To understand Carbon, we first need to take a look at the language it’s attempting to augment. That is, C++. It remains the dominant programming language for performance critical software, and has been a stable foundation for massive codebases. However, improving C++ is extremely difficult. This is due to a few reasons:
- Decades of technical debt
- Prioritizing backwards compatibility over new features
- C++, ideally, is about standardization rather than design
- Uses a committee process that takes multiple years to make changes, and sometimes can’t at all
Carbon, as Google puts it, is okay with “exploring significant backwards incompatible changes”. This has pros for those wanting to work with a language developing with the mindset of “move fast and break things”.

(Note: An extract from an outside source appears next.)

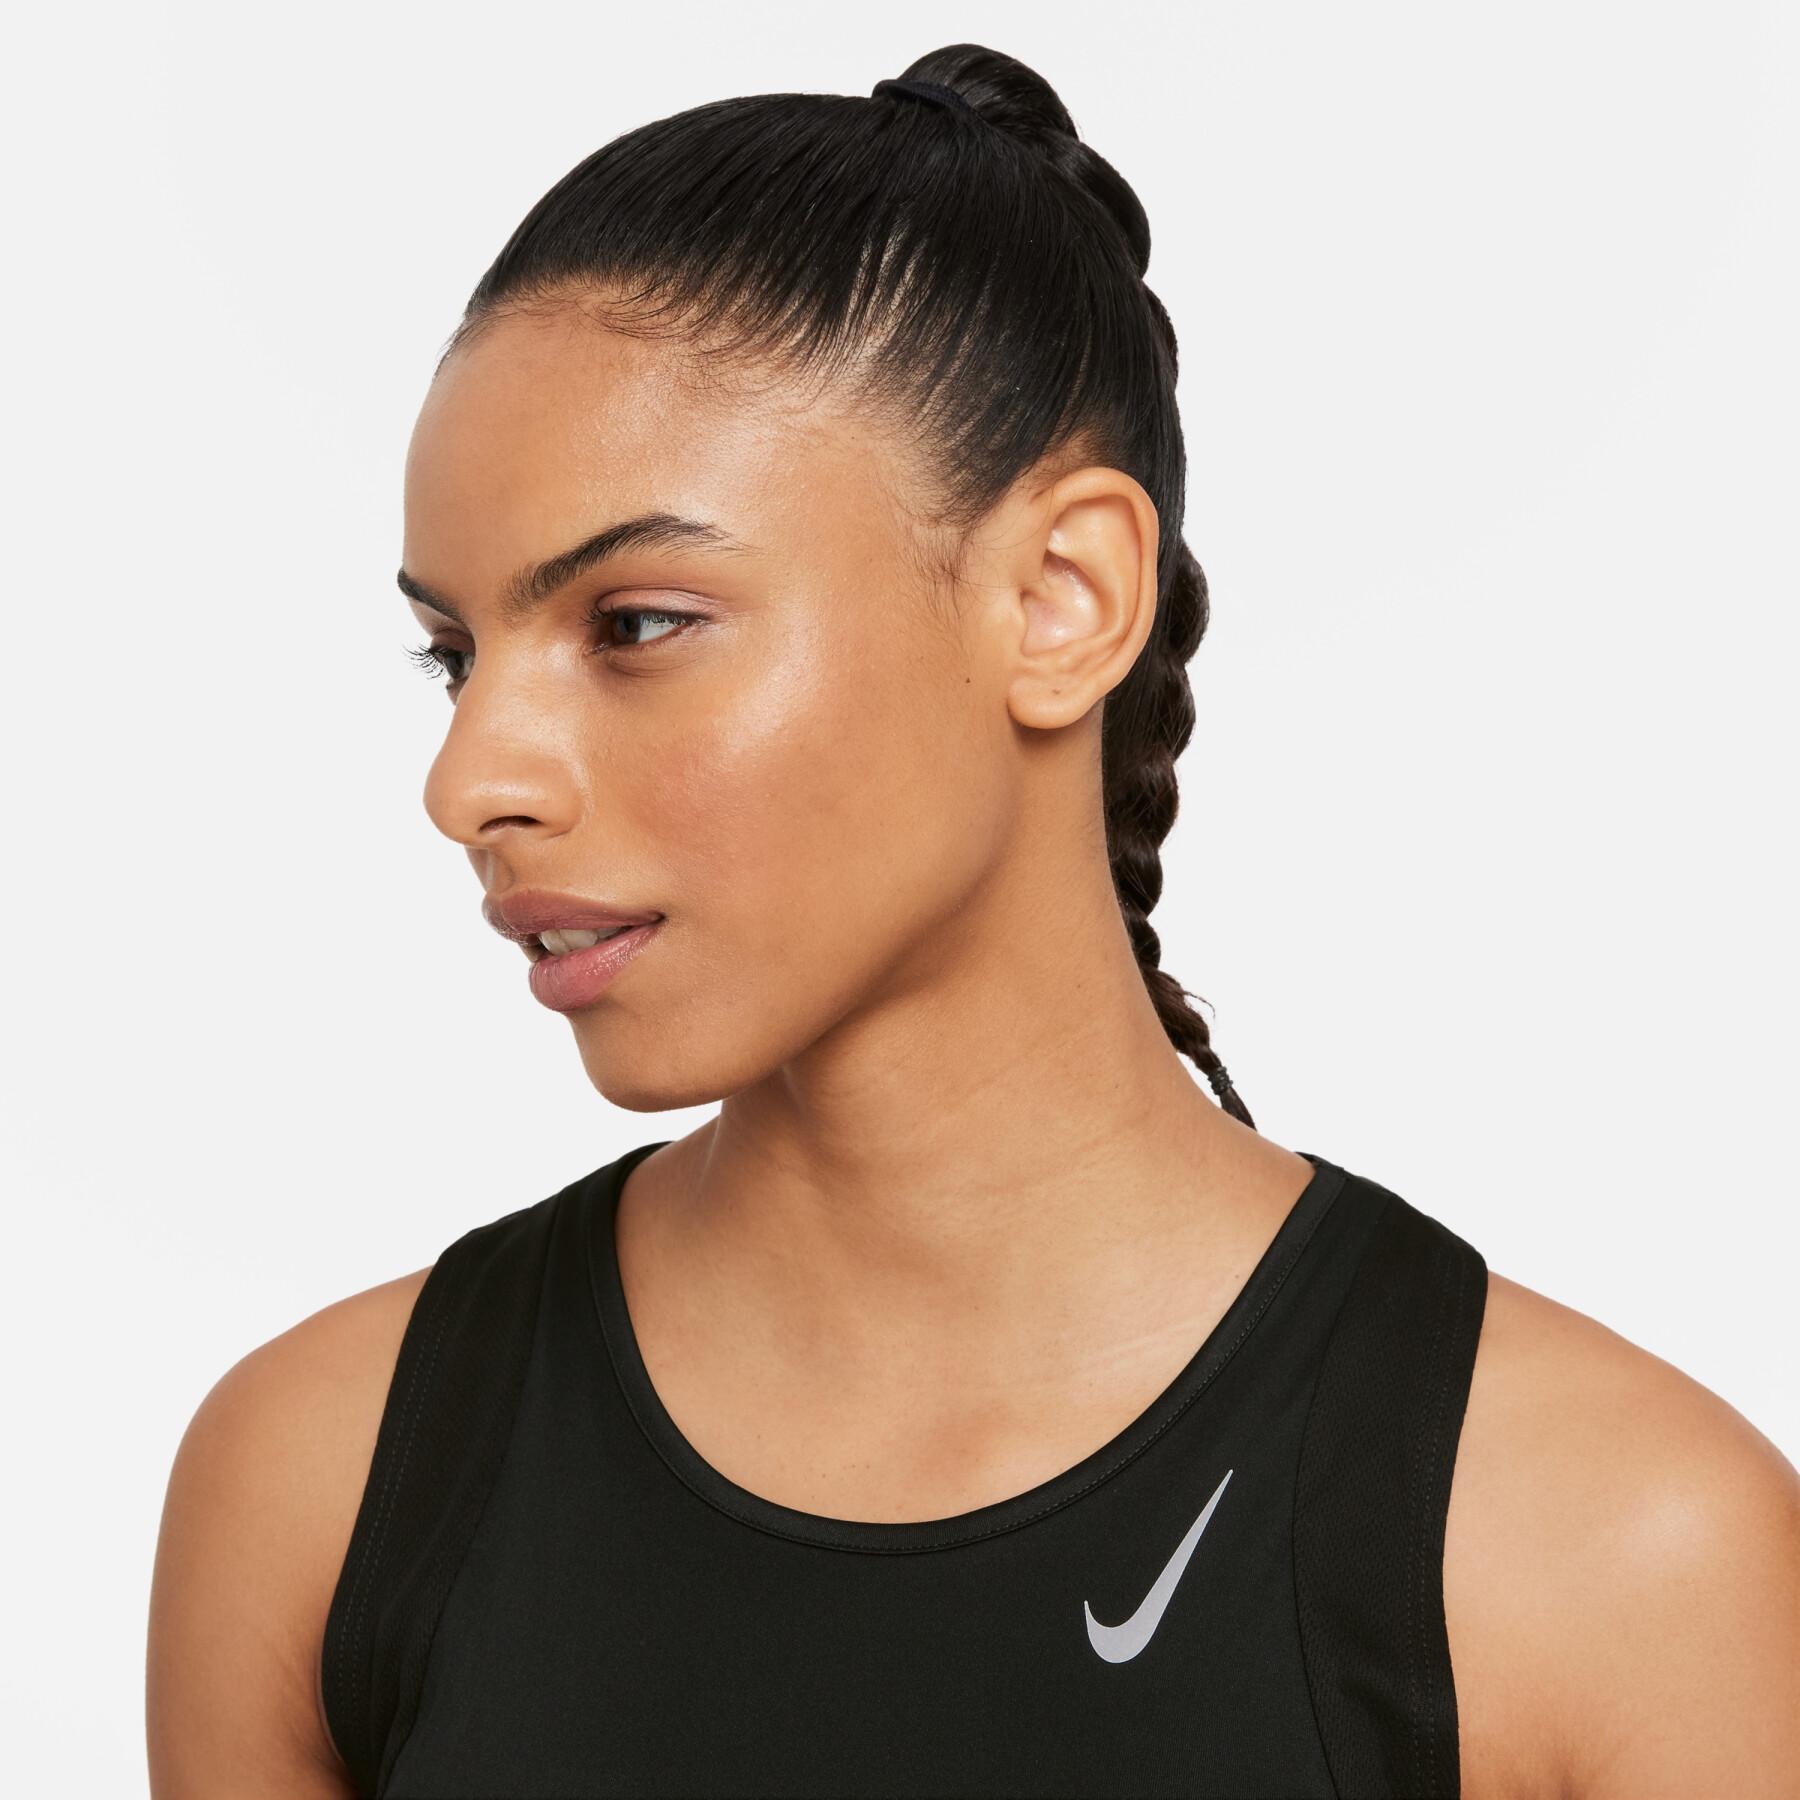 Women's tank top Nike dynamic fit race singlet

Carbon promises a few things in their readme:
Carbon is fundamentally a successor language approach, rather than an attempt to incrementally evolve C++. It is designed around interoperability with C++ as well as large-scale adoption and migration for existing C++ codebases and developers. A successor language for C++ requires:
- Performance matching C++, an essential property for our developers.
- Seamless, bidirectional interoperability with C++, such that a library anywhere in an existing C++ stack can adopt Carbon without porting the rest.
- A gentle learning curve with reasonable familiarity for C++ developers.
- Comparable expressivity and support for existing software’s design and architecture.
- Scalable migration, with some level of source-to-source translation for idiomatic C++ code.
Google wants Carbon to fill an analogous role for C++ in the future, much like TypeScript or Kotlin does for their respective languages.
Java → Kotlin
C++ → Carbon?
Talk is cheap, show me the code
Okay, so what does Carbon look like then?
First, let’s see how to calculate the area of a circle in C++.
Compared to Carbon:
fn FunctionName() -> i32 is shorter than
int FunctionName(). It could be their goal is simply to separate the syntax from other known languages enough to recognize at a glance. Maybe I’m missing something.
One neat feature they’ve shown is the interoperability between Carbon and C++. You can call C++ from Carbon and vice versa. You can rewrite or replace as little or as much of your libraries as you want without fear of breaking anything. Well, at least without breaking anything more than normal when dealing with C++.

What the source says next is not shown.